_Supplied material_

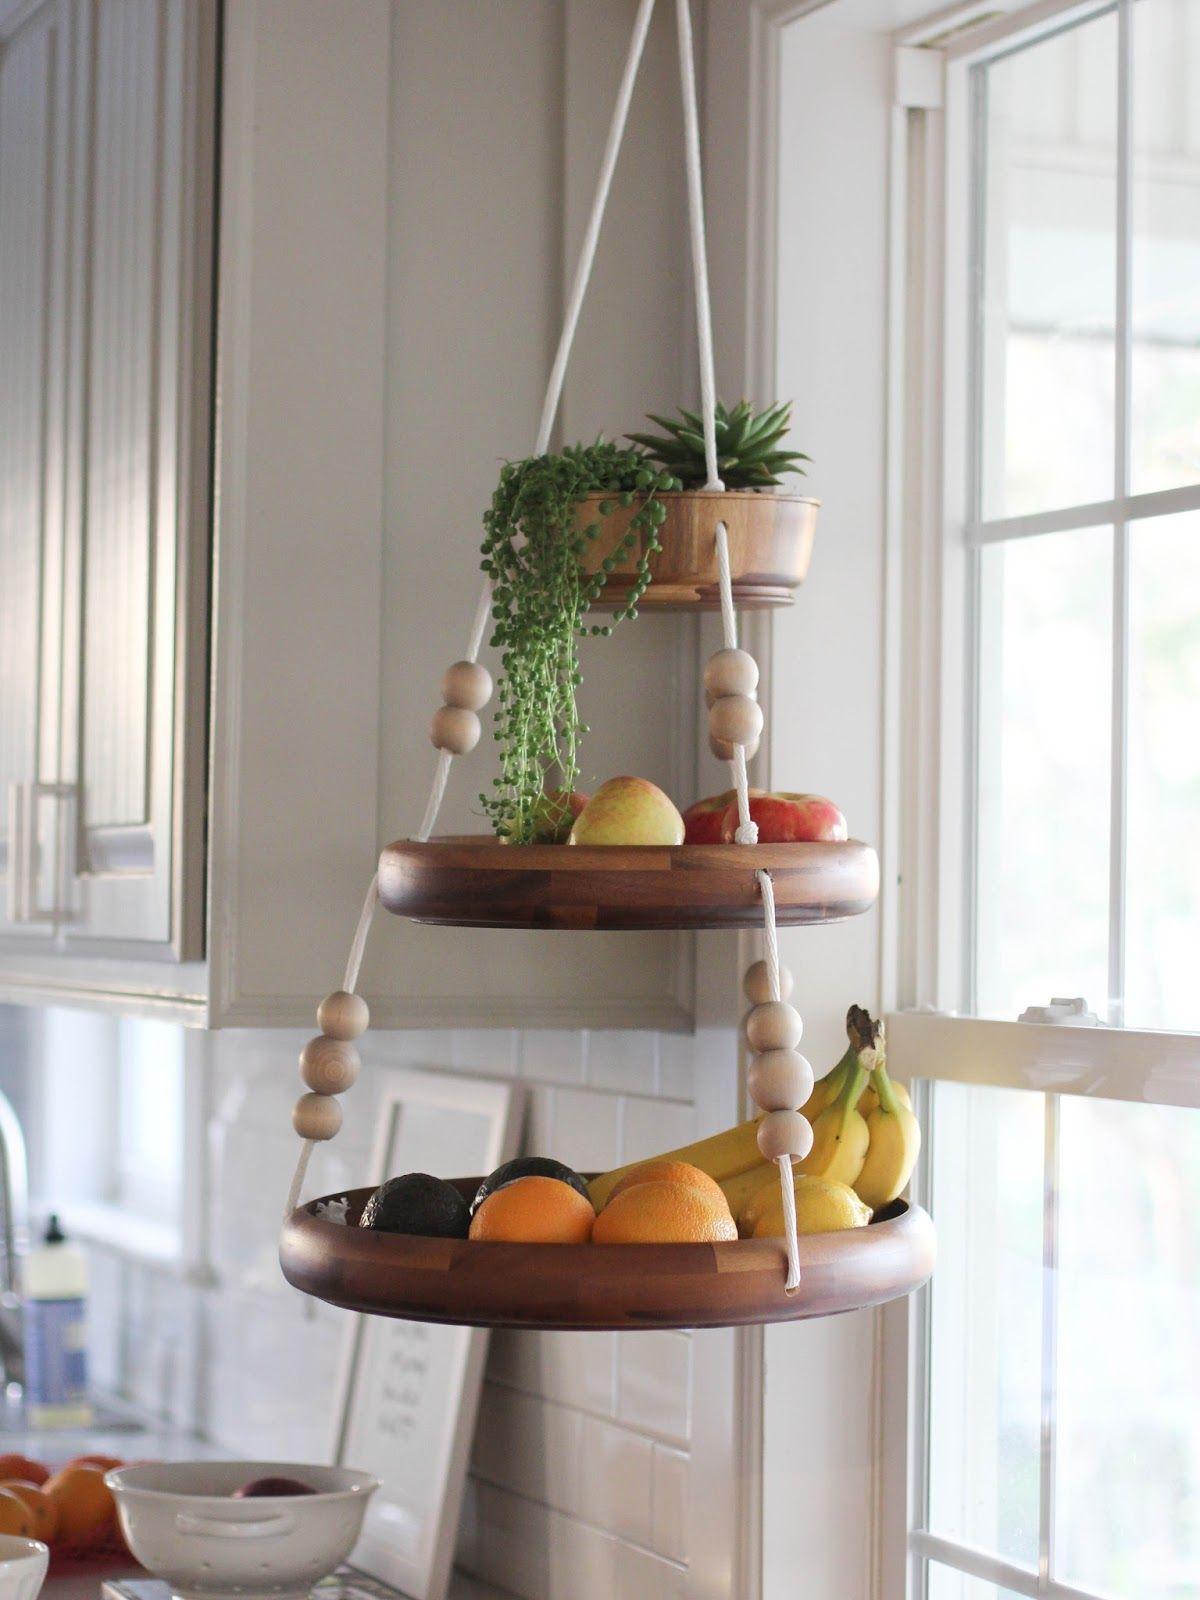 Wooden Hanging Fruit Basket Fruit Baskets Diy Home Decor
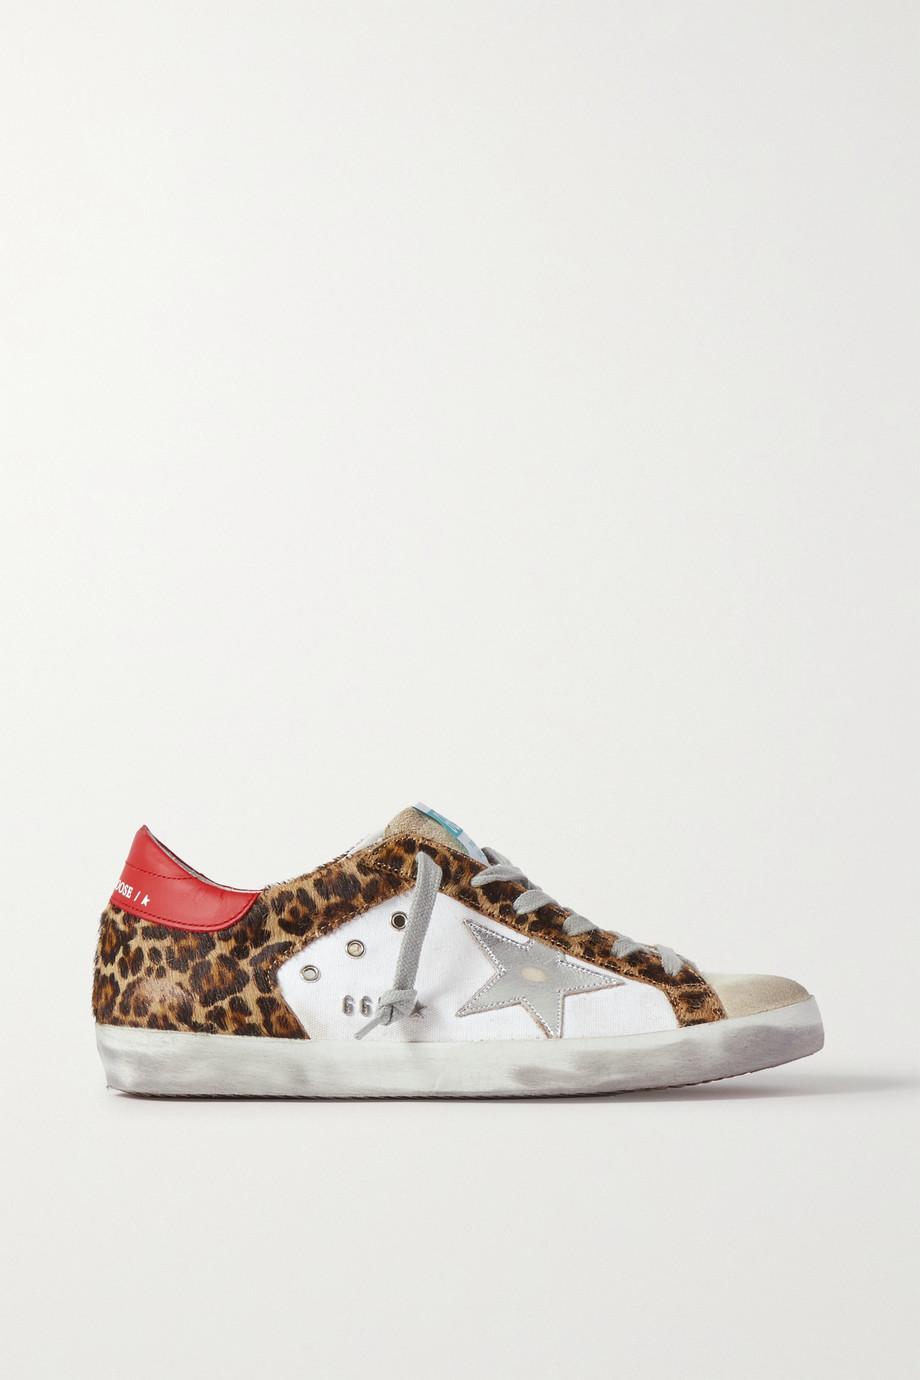 골든구스 슈퍼스타 스니커즈 Golden Goose Superstar distressed leopard-print calf hair, leather and suede sneakers,White
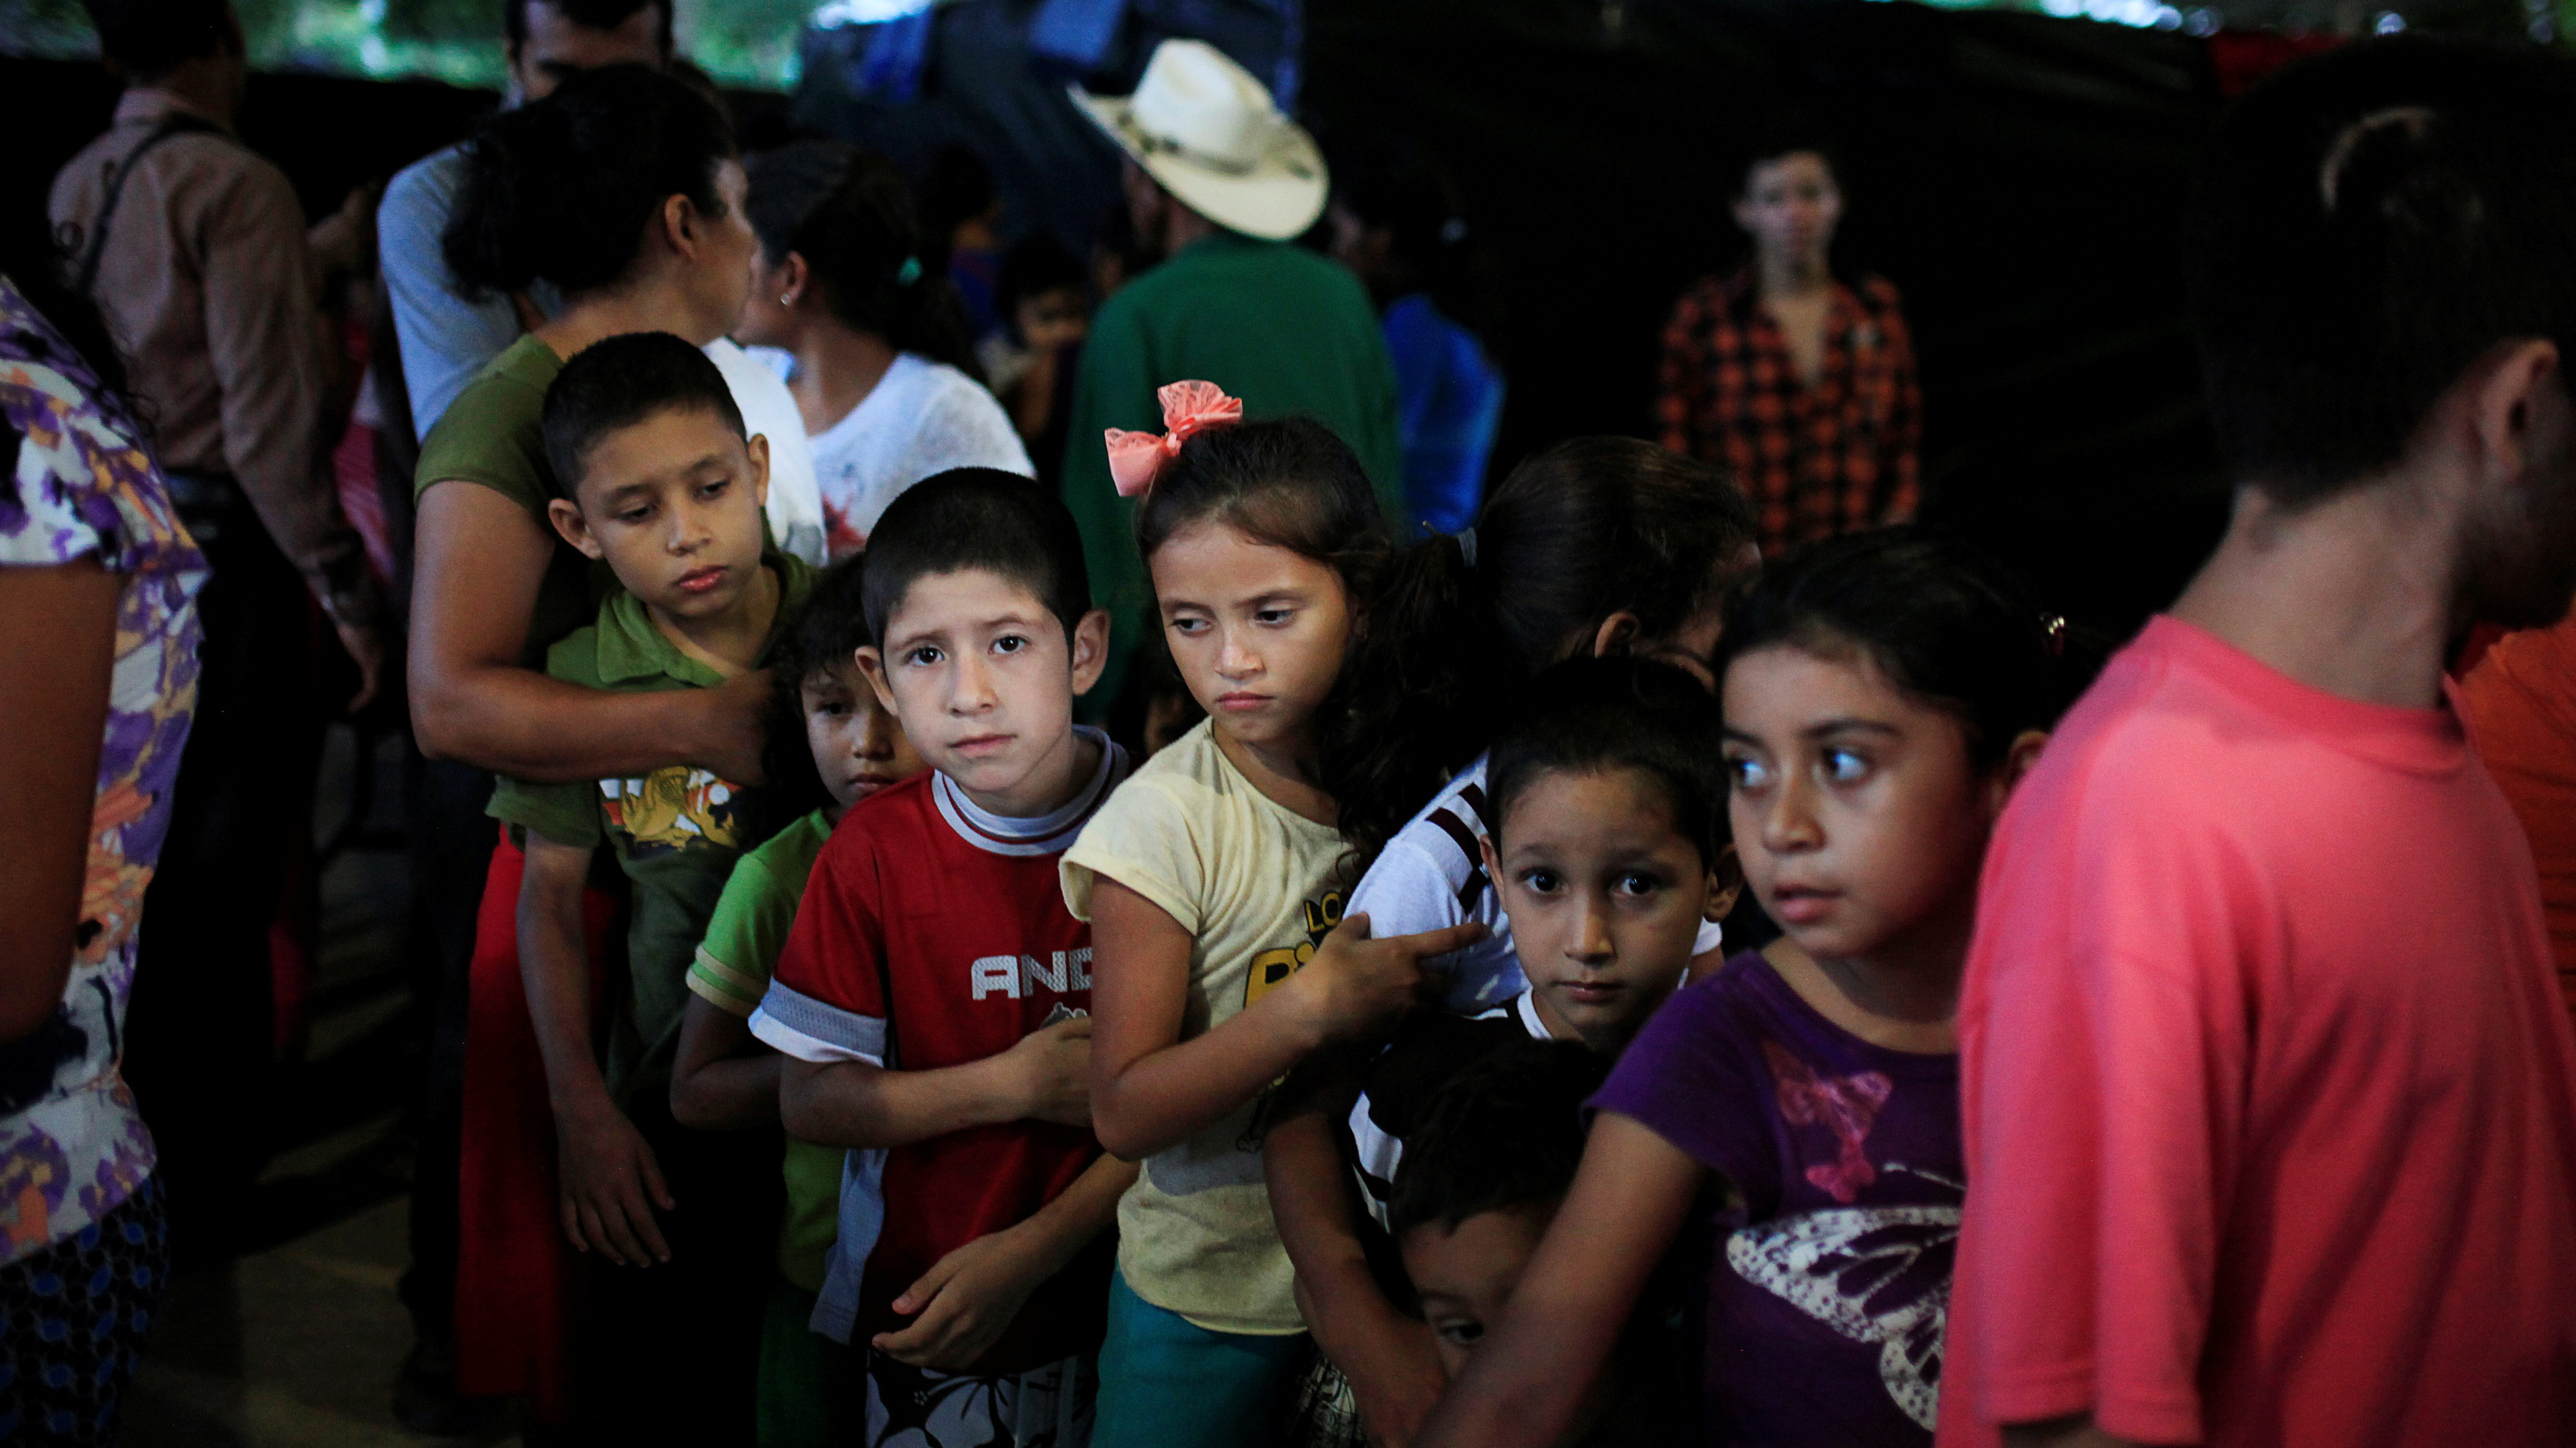 Children displaced by gang violence in El Salvador
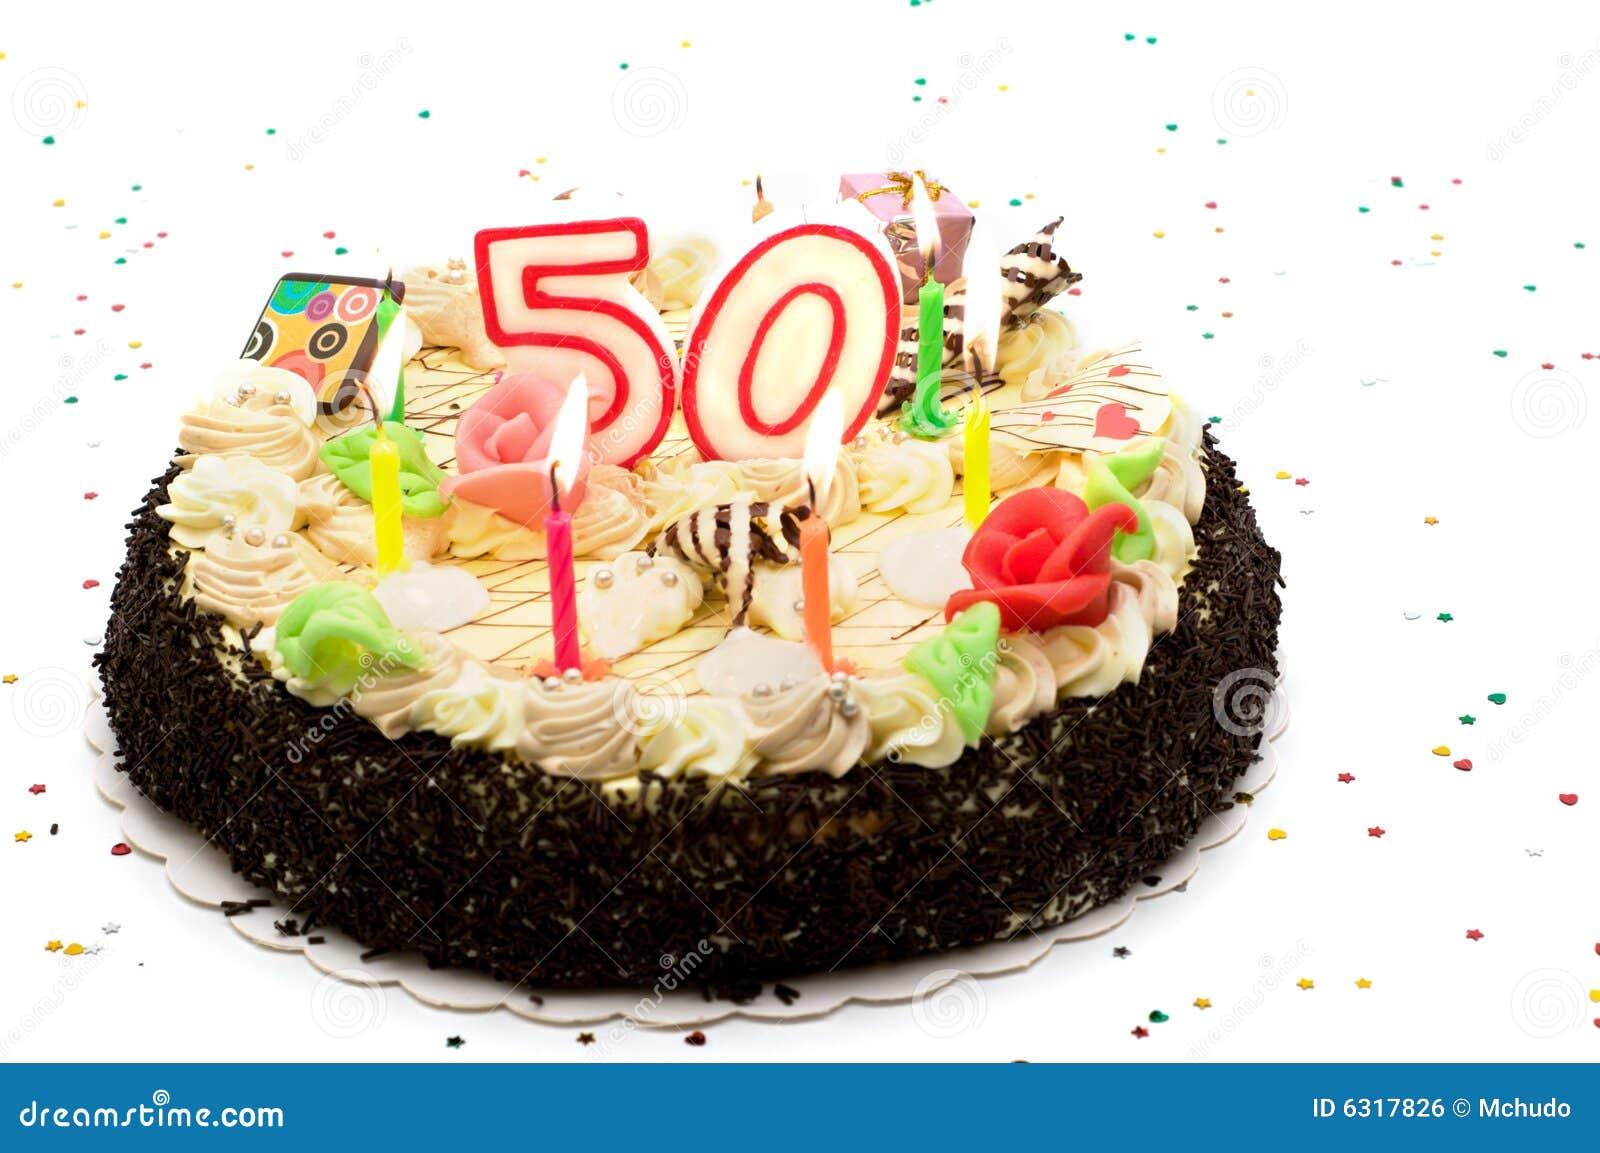 Bolo de aniversário por 50 anos de jubileu

_Task directions_
The lines from the one containing "골든구스 슈퍼스타 스니커즈" through the last line above are to be repeated exactly, and only those. Any pictures must be left out.

_Reply_
 골든구스 슈퍼스타 스니커즈 Golden Goose Superstar distressed leopard-print calf hair, leather and suede sneakers,White
 Children displaced by gang violence in El Salvador
 Bolo de aniversário por 50 anos de jubileu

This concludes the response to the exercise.